## Collected data
============

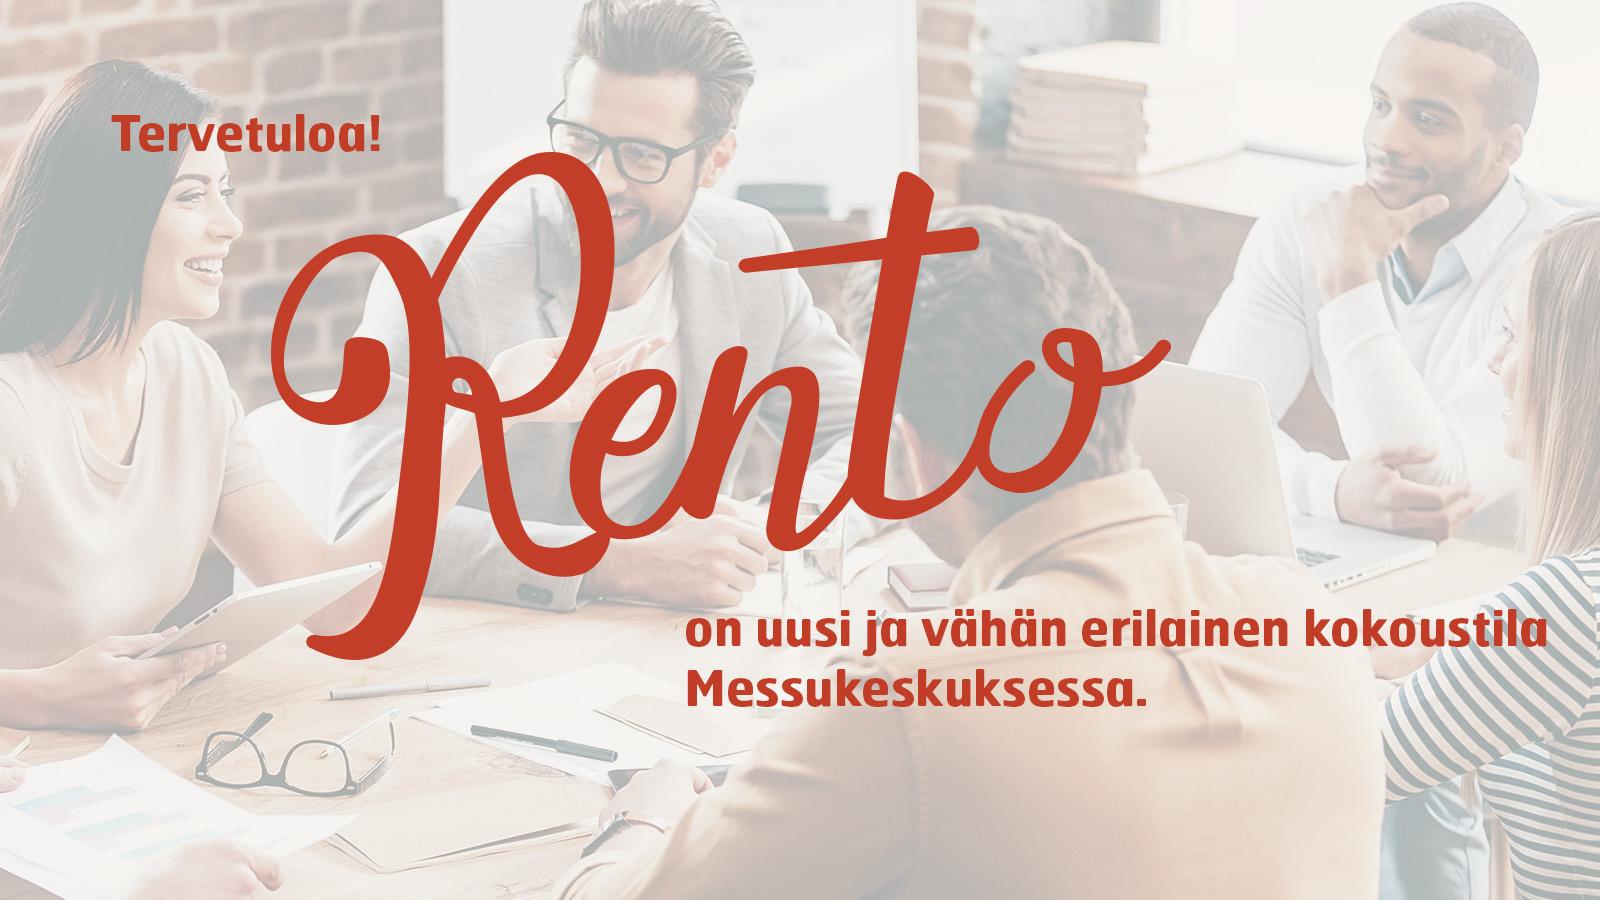 Rento-1600x900
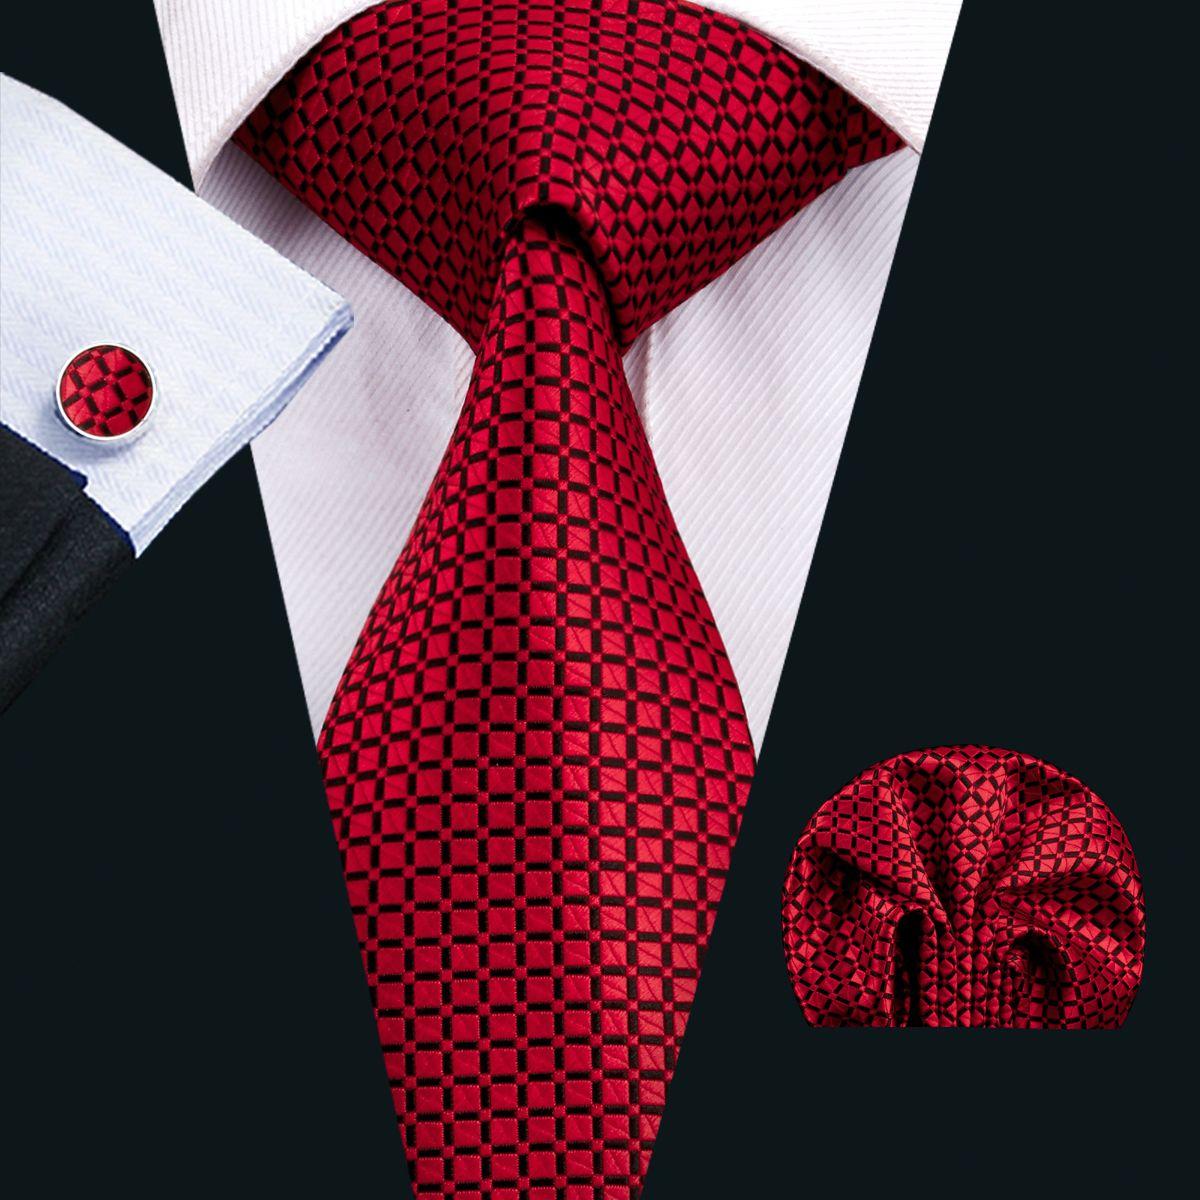 레드 남성 넥타이 클래식 실크 넥타이는 남성 넥타이 손수건 커프스 자카드 직물 회의 비즈니스 웨딩 파티 N-1573에 대한 확인 타이를 설정합니다
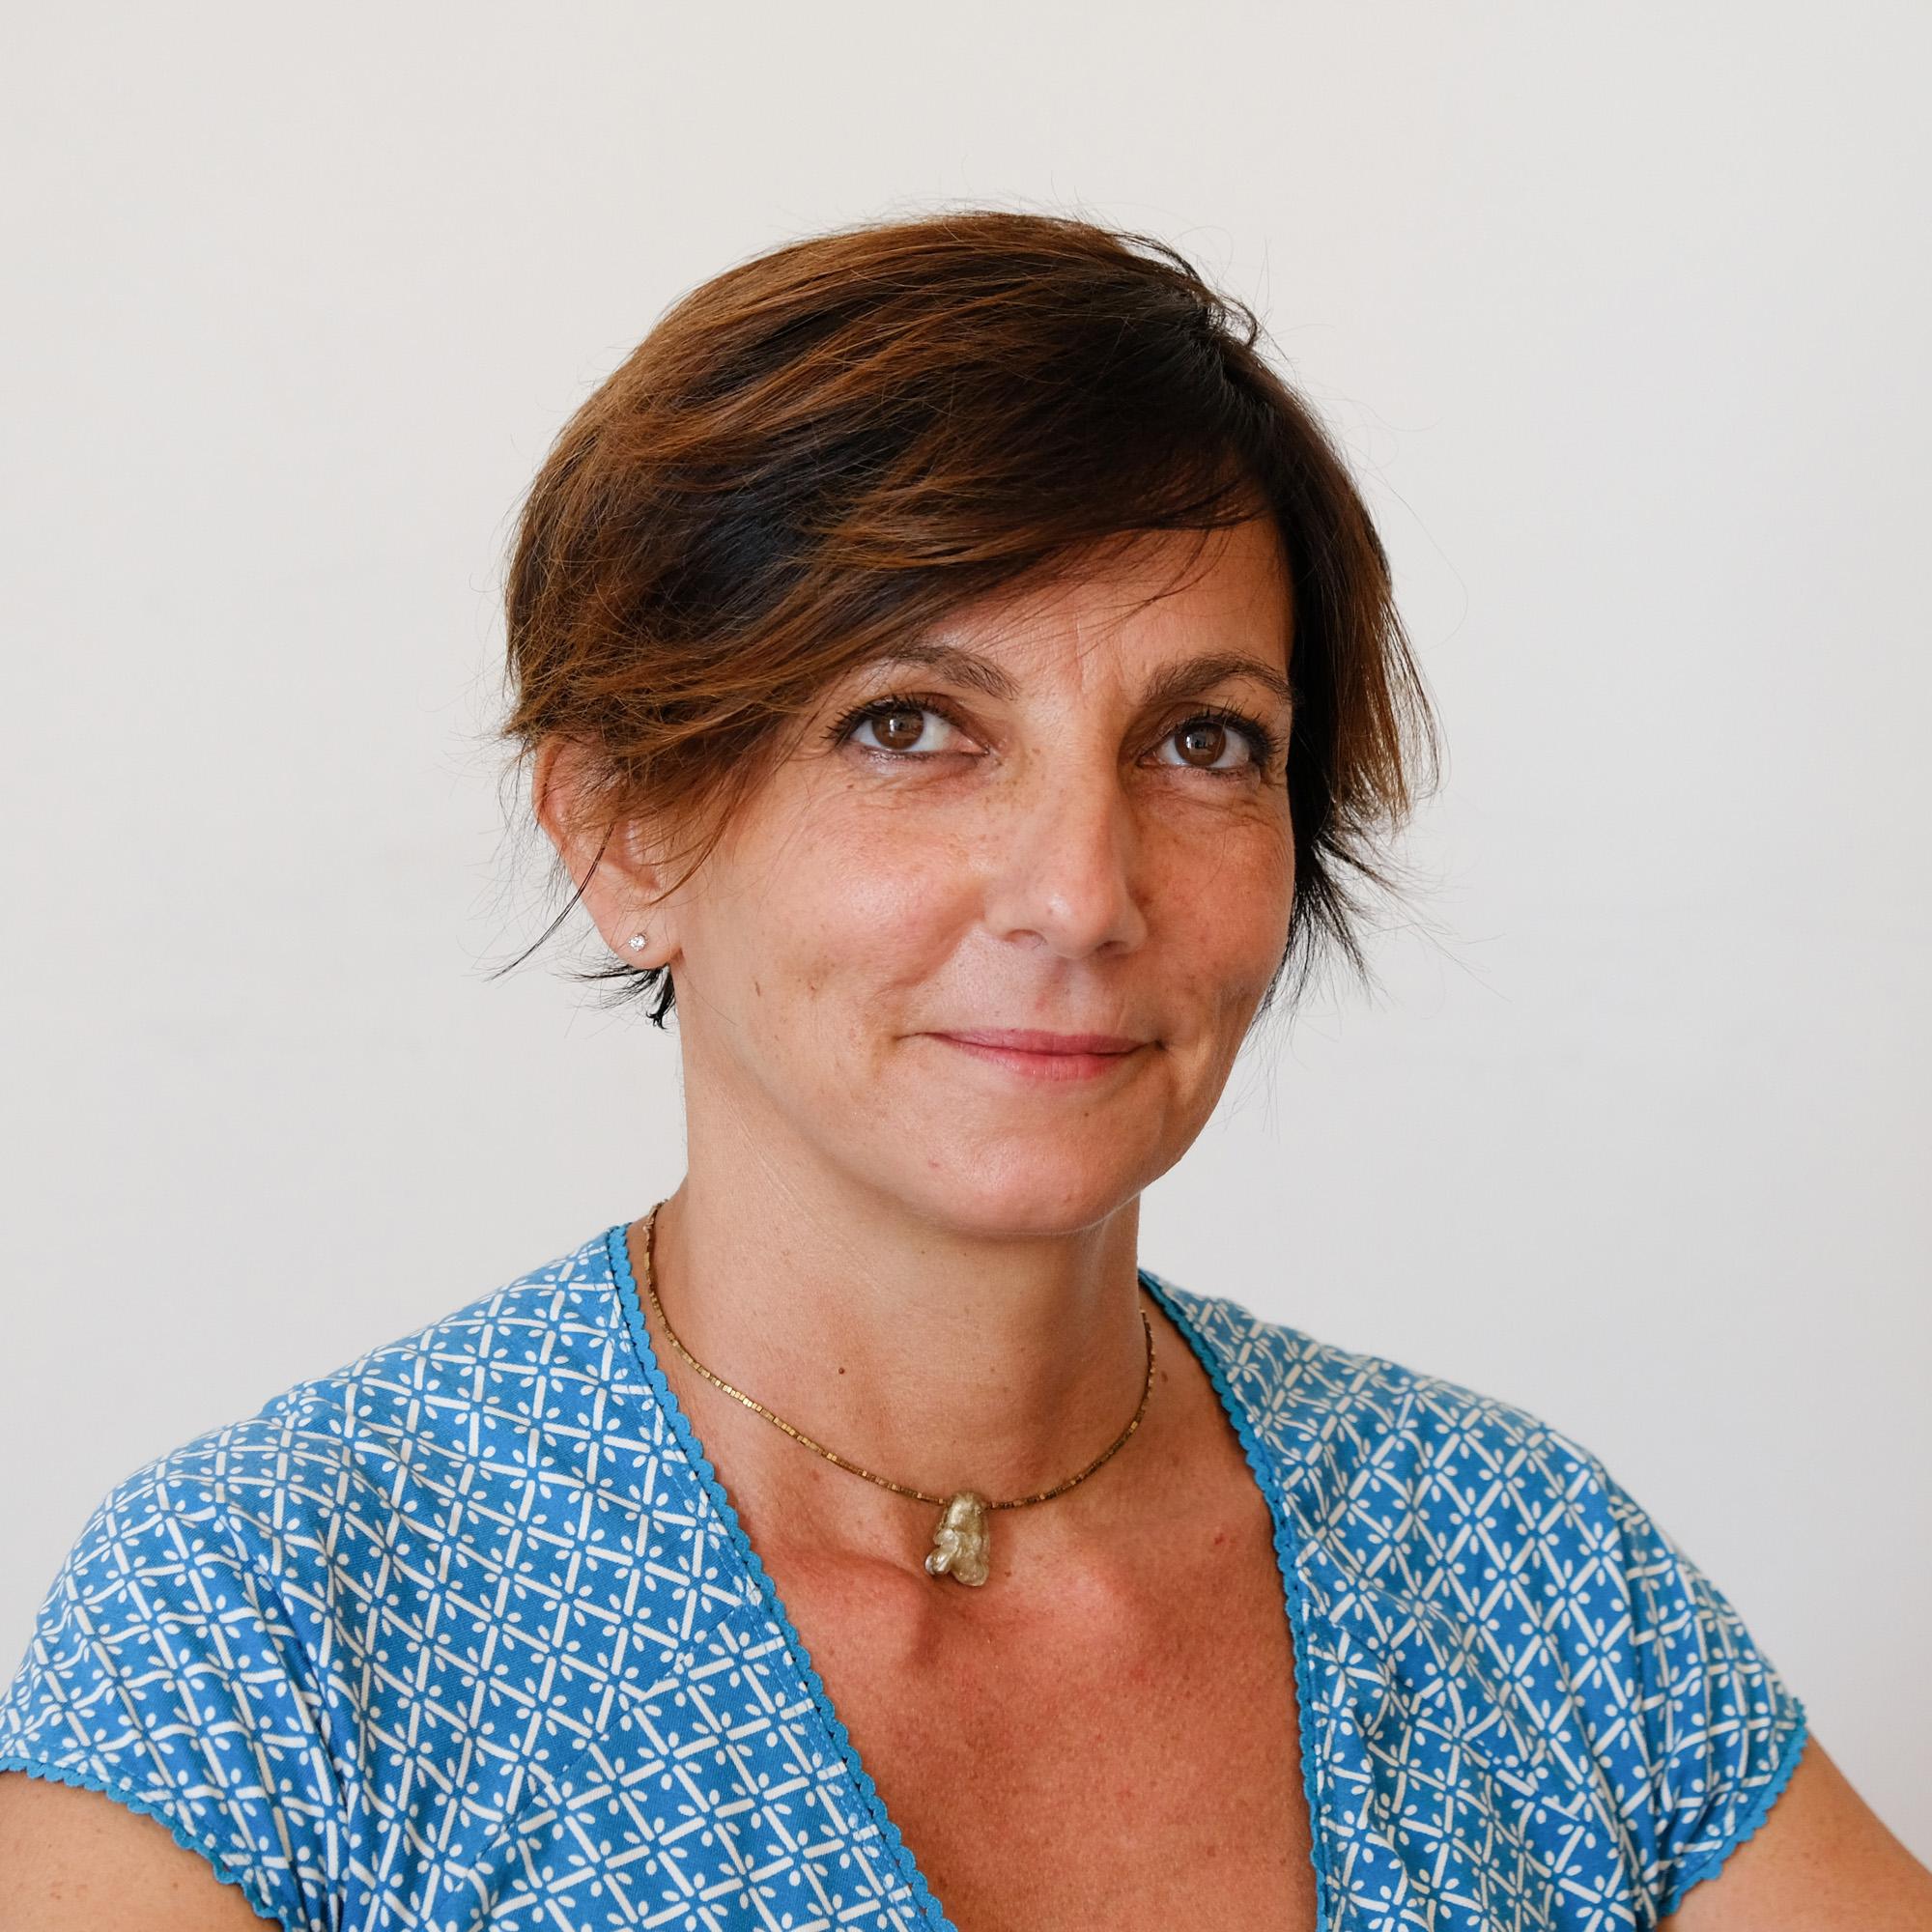 Mara Bertini

============

## Goal of the exercise
From the first line to the last, retype the material exactly and exclude the pictures.

## Answer box
 Rento-1600x900
 레드 남성 넥타이 클래식 실크 넥타이는 남성 넥타이 손수건 커프스 자카드 직물 회의 비즈니스 웨딩 파티 N-1573에 대한 확인 타이를 설정합니다
 Mara Bertini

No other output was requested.